Maggioranza ricompattata sull’approvazione del rendiconto
Alla fine, il Consiglio regionale ha concluso i propri lavori approvando il rendiconto generale 2011 (20 voti a favore e 8 contrari di Alpe e PD) e l’assestamento del bilancio di previsione 2012-2014 della Regione (22 sì e 8 contro) : i franchi tiratori, quindi, sono rientrati nei ranghi. Presentato da Andrea Rosset (Uv), il rendiconto evidenzia nella gestione di competenza – differenza tra entrate accertate e spese impegnate – "un risultato negativo di 206 milioni di euro, in buona parte compensati dall’avanzo di amministrazione del 2010 che fu pari a 128 milioni; l’applicazione di tale avanzo ha comportato un disavanzo di gestione della competenza di 78 milioni di euro".

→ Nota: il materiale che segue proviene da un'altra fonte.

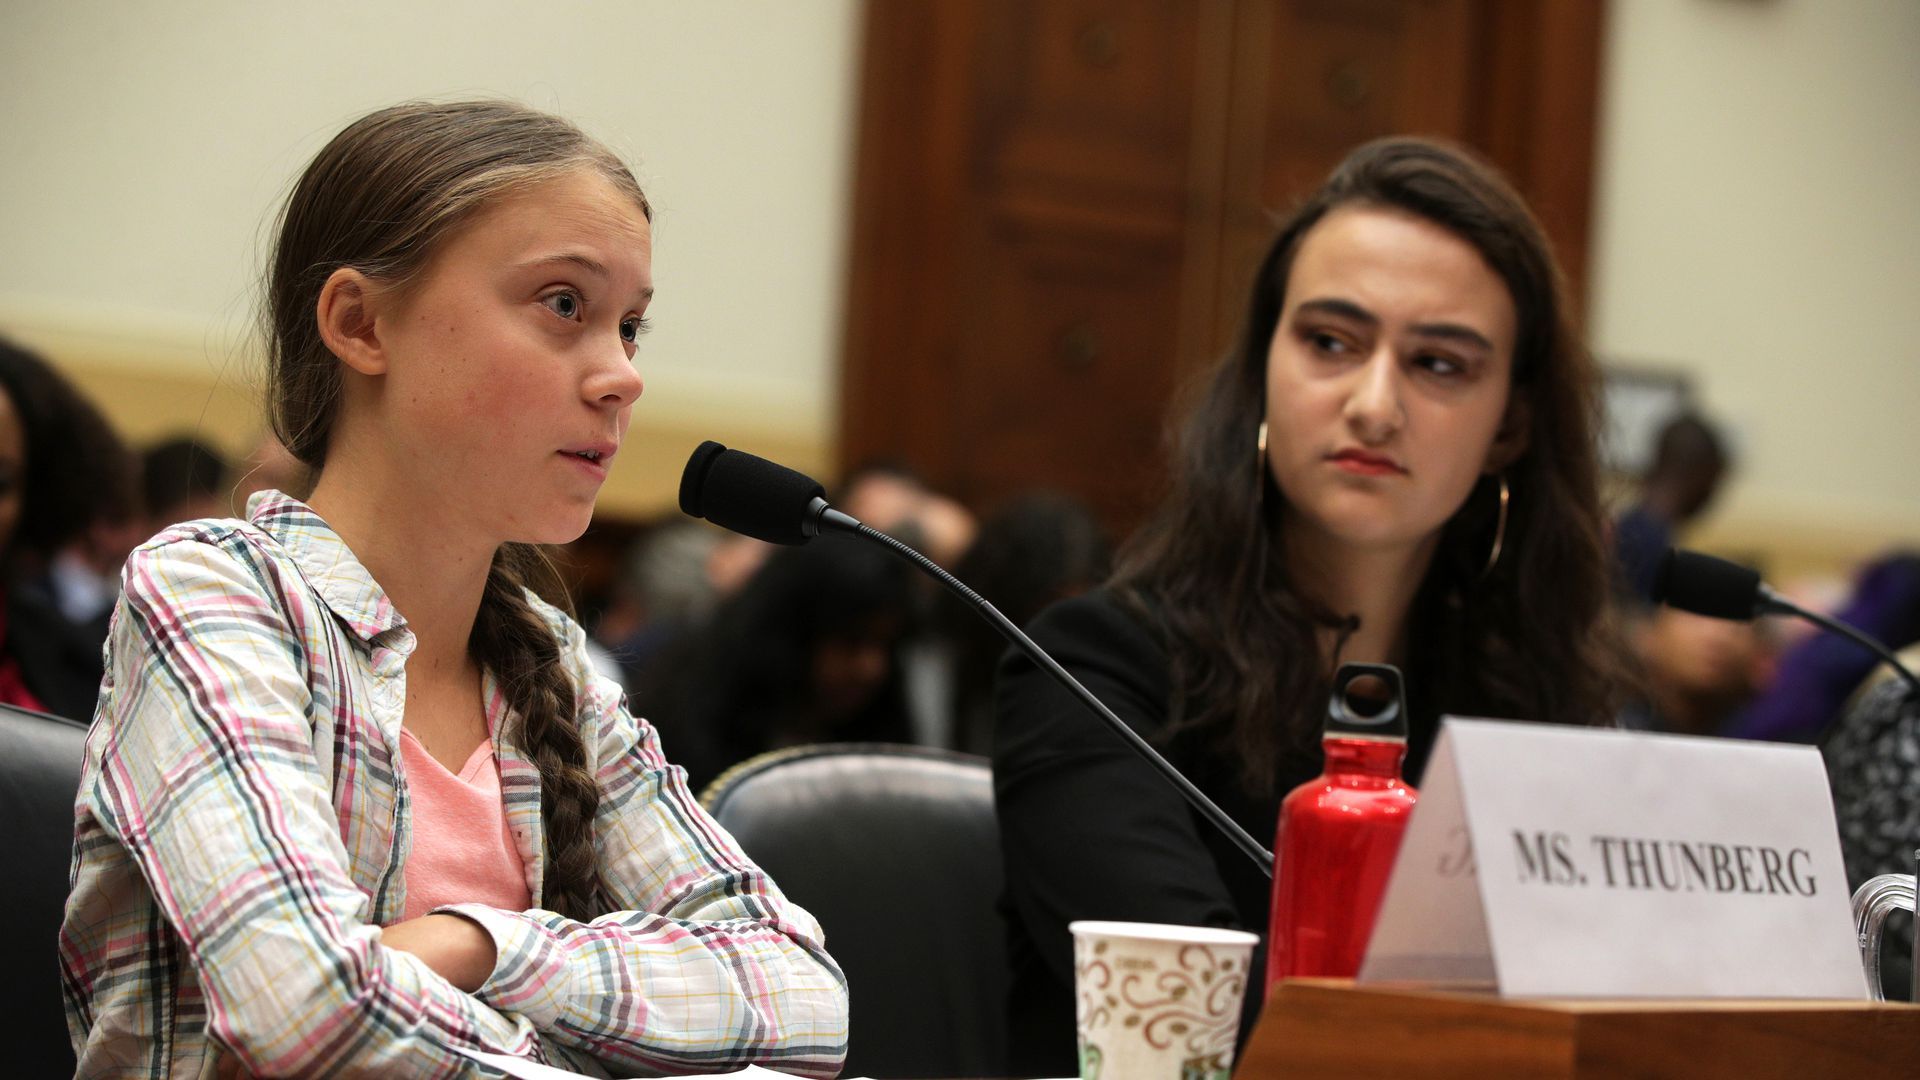 Greta Thunberg to Congress: "Listen to the scientists" on global warming - Axios

"Il risultato di amministrazione di 58 milioni – ha aggiunto Rosset – è spiegato dal positivo risultato della gestione dei residui che ha registrato la riduzione dei residui passivi per 140 milioni e di quelli attivi per 2,6 milioni a cui si sottrae il disavanzo della gestione di competenza per 78,5 milioni’. Per quanto riguarda le entrate, "le previsioni definitive del 2011 superano del 6% la previsione iniziale e cio’ e’ dovuto in gran parte all’iscrizione dell’avanzo di amministrazione dell’esercizio 2010′. Per quanto riguarda le spese, lo scostamento tra previsioni iniziali e definitive, al netto delle contabilità speciali, è del 6% "con gli impegni che rappresentano il 92,5% delle previsioni definitive".

Il dibattito in aula
Per Roberto Louvin (Alpe), "il rendiconto è stato oggetto di approfondita analisi, è un consuntivo di svolta da questo punto di vista. Emerge una macchina di buona tenuta, è il guidatore che ha qualche difetto e non sa dove ci sta portando". Louvin ha poi segnalato "il netto calo dei proventi del casinò e il dimezzamento degli investimenti sul governo del territorio".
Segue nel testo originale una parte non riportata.